Here's a bit about Kaelum: 
Kaelum was born August 4th, 2011, which makes him now 8 months old. I found him at a show in November 2011. I had been wanting a Holland Lop for a while and was waiting for that show to look around and see if I could find one. I saw Kaelum in his carrier, and actually passed him a few times, knowing there were other Holland Lops for sale in the showroom. One was an adorable 8 week old broken lilac tort, and my sister was pushing me to get her. But I kept on going back to Kaelum. Finally I asked the breeder if I could look at him and I had another HL breeder give me his advice on Kael. Wish I could remember what he had said.

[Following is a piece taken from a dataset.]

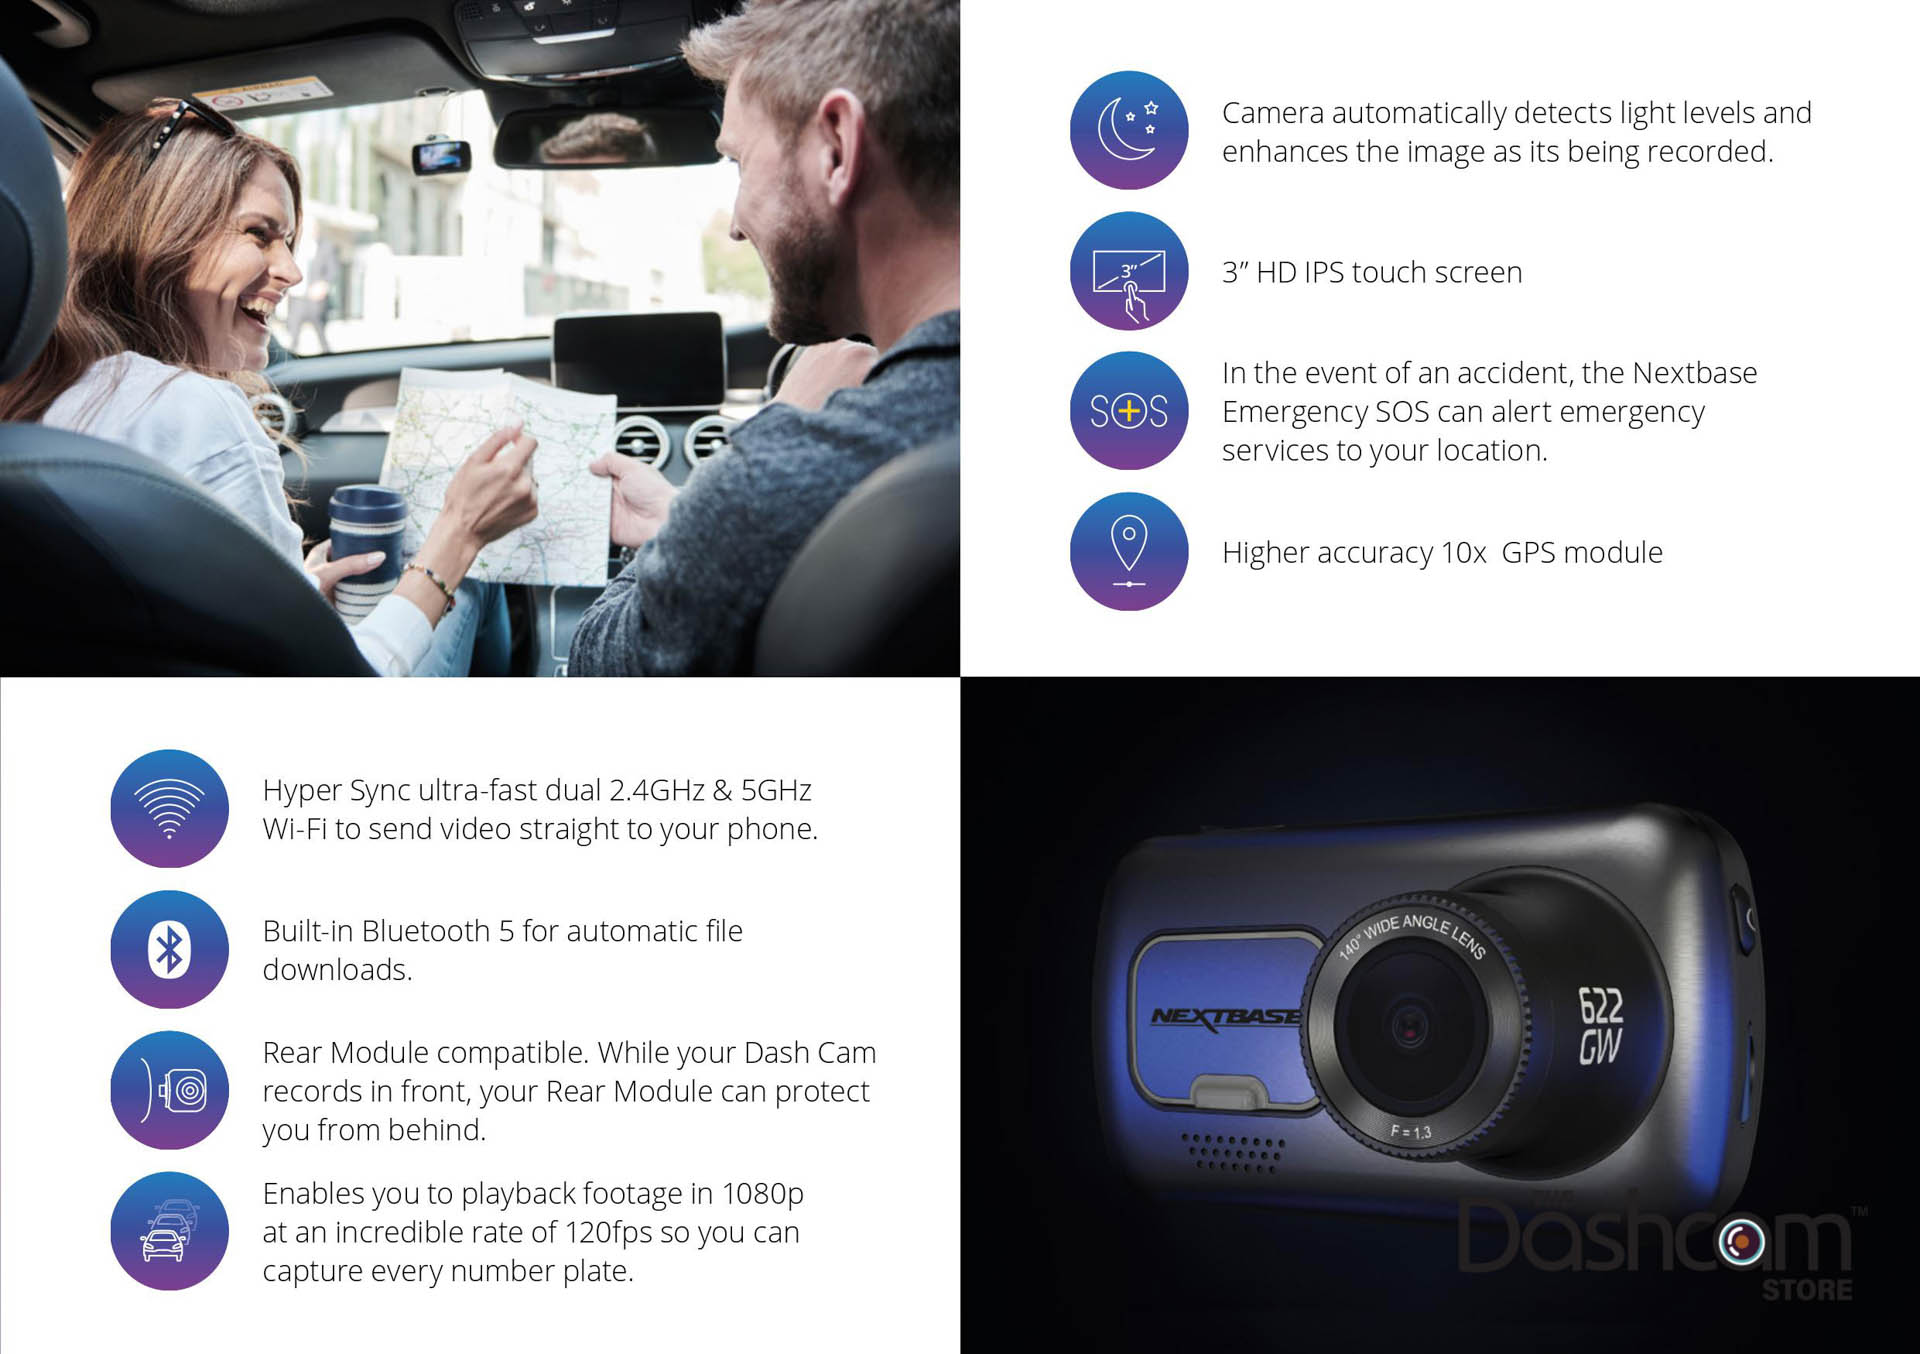 Nextbase Announces High Performance 622GW Dash Cam Now Available

Needless to say I ended up buying him! 

As I was walking around the showroom, Megan (Shaded Night) spotted me with him and asked, "Emily, what are you doing with a Holland Lop?" :biggrin: lol. It was quite funny. 

I wanted a Holland Lop for my next jumper, and Kaelum has turned out to be quite the perfect athlete! He still has lots to work on, but I think a lot of it will come with age and more training. Since he's 8 mos old, he's in that teenager stage and can be a bit of a brat at most times. 

Just lately he's started to actually appreciate seeing me come into the barn to feed! He used to just stomp his feet and watch from the corner, but now he is up at the front of his cage, rattling his dish, gnawing at the door for me to open it. A very nice change from the attitude he gave me before. lol. 

I still have 2 Mini Rex - a lot of you will probably remember Kailua, and then I also have Dusty as well. Dusty may just end up staying as I've never met a rabbit that did so well with kids. He lets the girls my sister babysits just torment him like crazy - check out his eyes, his ears, let them hold him. He loves it when they feed him carrots. 
If I can find a new home for him, then I will let him go. 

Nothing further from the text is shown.